Cranberry berries (Vaccinium macrocarpon Ait.), a shrub of the Ericaceae family, are used to control recurring urinary tract infections. The widespread use of Cranberry-based products stems from a study carried out in 1994 and published in the Journal of the American Medical Association (JAMA): on 153 elderly women suffering from recurrent cystitis, the intake of 300 grams of American cranberry juice for 6 months indeed proved to be clinically effective. Thanks to the fact that it is rich in procyanidins (PACs), this fruit inhibits the adhesion of bacteria to the cells of the mucous membrane that coats the urinary tract, promoting their elimination with urine. It also causes urine to acidify, thus creating an unfavourable environment for bacteria and, in particular, for Escherichia coli, which is often responsible for cystitis. Numerous Cranberry-based preparations are available on the market for the prevention and treatment of urinary tract infections. The dried extract must contain at least 36 mg proanthocyanidins, measured with the DMAC method (a colorimetry method that uses dimethylaminocinnamaldehyde as a reagent), to ensure optimal prevention and cure. Cranberry proanthocyanidins can have chains of various lengths. Short-chain PACs are easily absorbed in the intestine and act very fast on the urinary tract, while longer-chain ones are absorbed more slowly, mainly acting in the intestine. This is why the treatment of acute cystitis prioritises preparations with short- and mixed-chain Cranberry, while extracts of mixed-chain Cranberry are indicated for the prevention of recurrent infections.

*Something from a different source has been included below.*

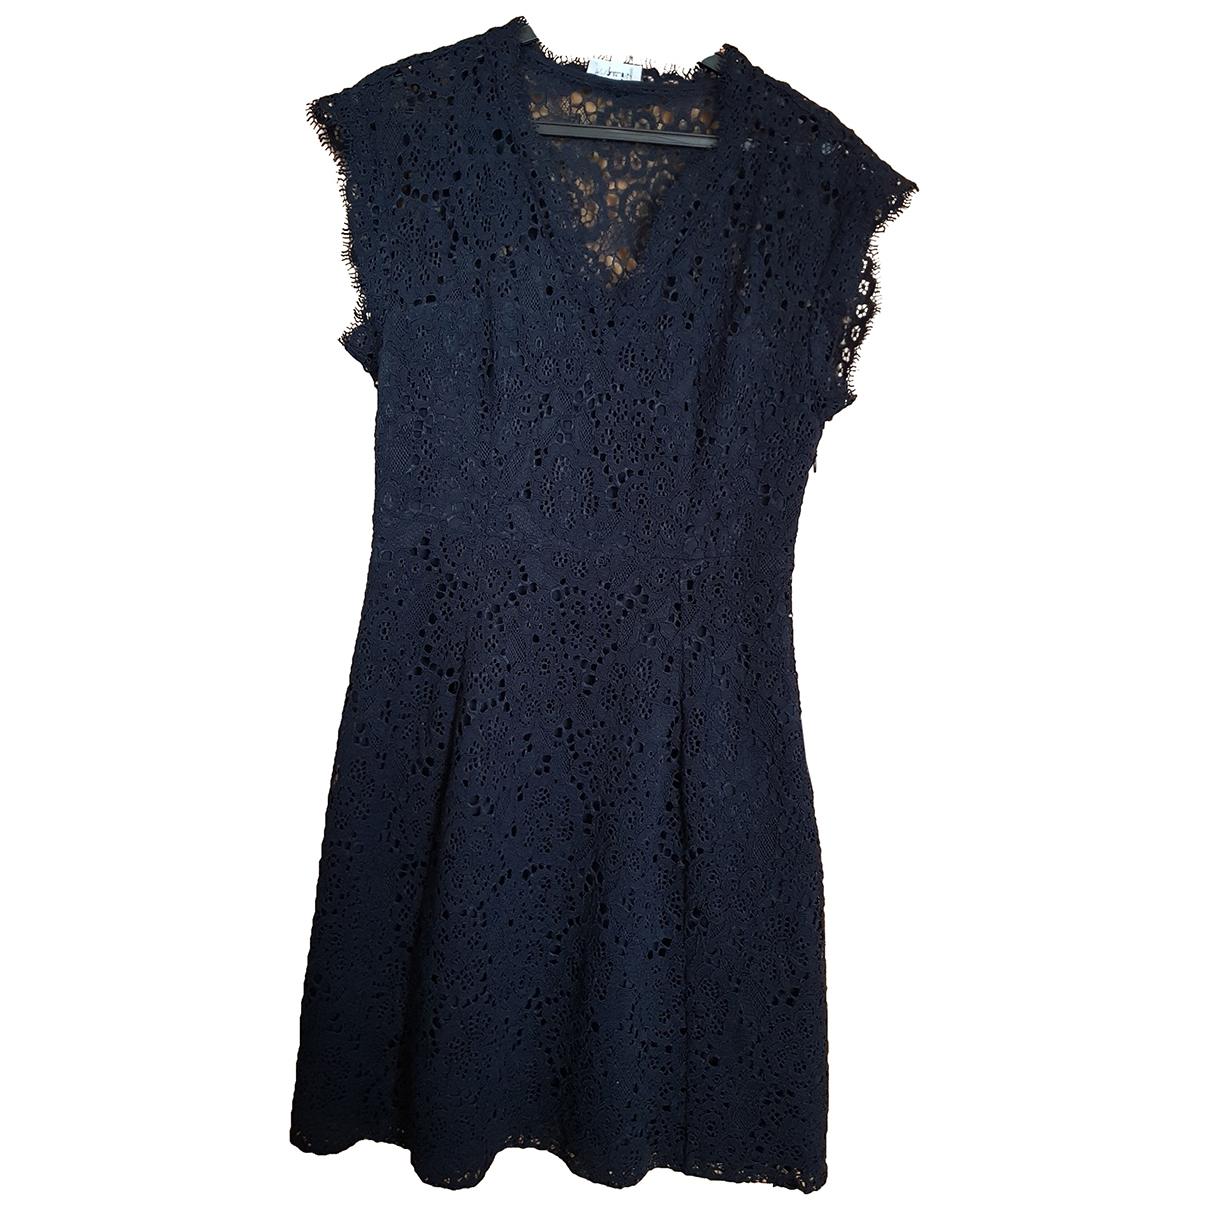 Claudie Pierlot Spring Summer 2019 Navy Cotton dress for Women 38 FR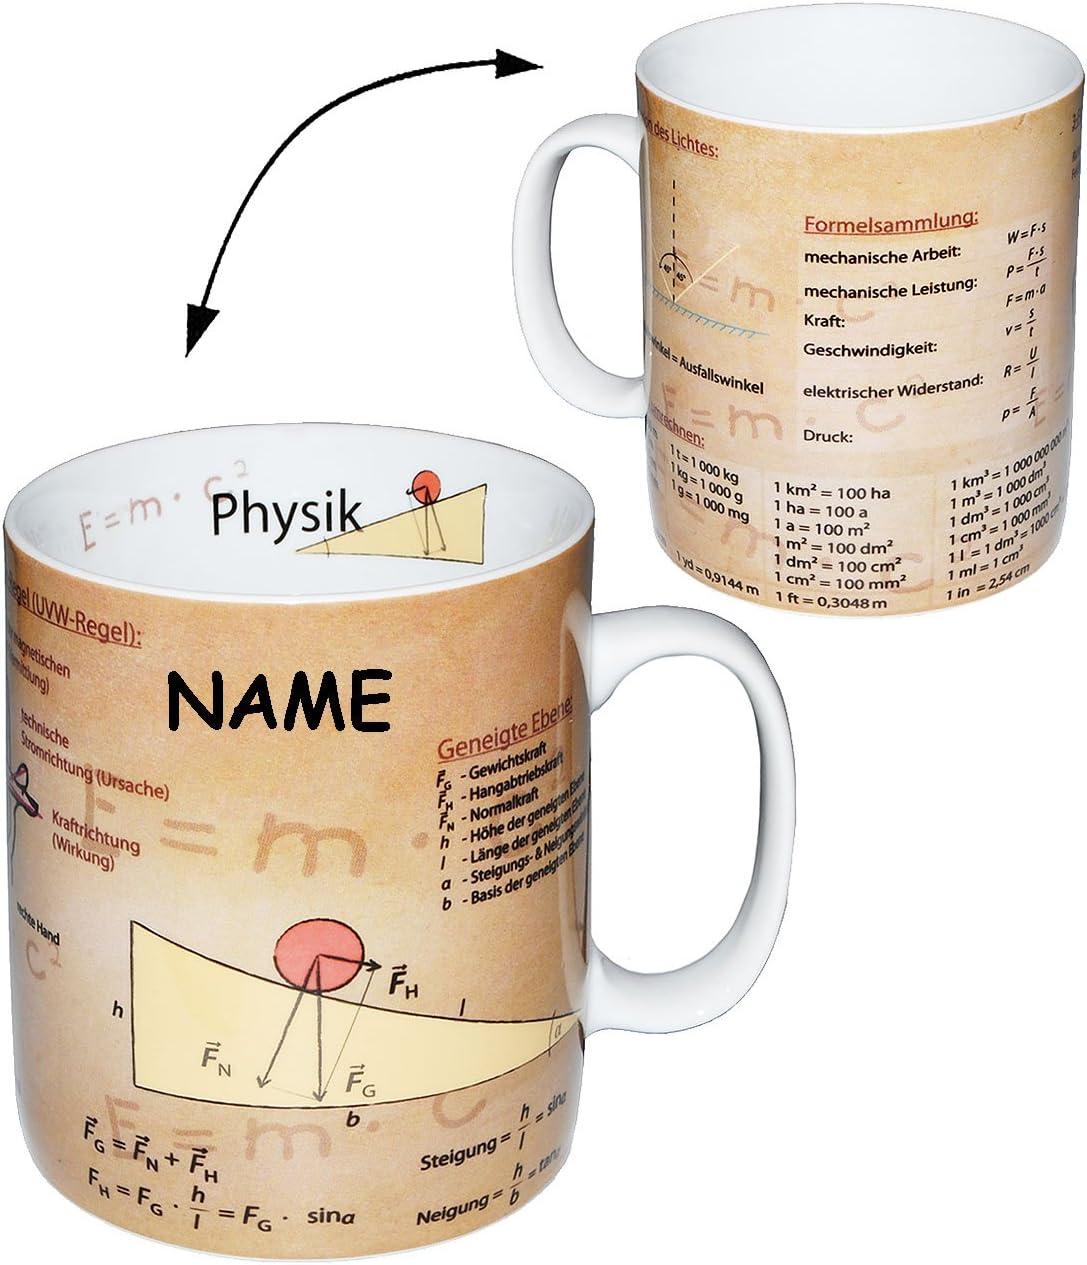 460 ml Name Kaffeetasse incl Studen.. Uni alles-meine.de GmbH Henkeltasse Mathe gro/ß Schule Daten /& Fakten Porzellan // Keramik Hochschule Abitur Physik

It is a derivative of the amino acid cysteine, with beneficial properties for the body (mucolytic, antioxidant, hepatoprotective). Recent experimental studies have documented the effectiveness of acetylcysteine in breaking up and reducing the number of bacteria present in the ‘biofilm’ of Escherichia coli. This activity can enhance both the properties of American cranberry and the action of antibiotics, especially in the prevention of relapses.
D-mannose is a simple carbohydrate, poorly absorbed in the intestine, which, having been taken by mouth, is mostly eliminated in the faeces and urine, inhibiting the adhesins of bacteria. It is indicated in the treatment of recurring urinary tract infections, in combination with American Cranberry. It is used in cycles of 20 days a month for the prevention of recurring urinary tract infections, as needed.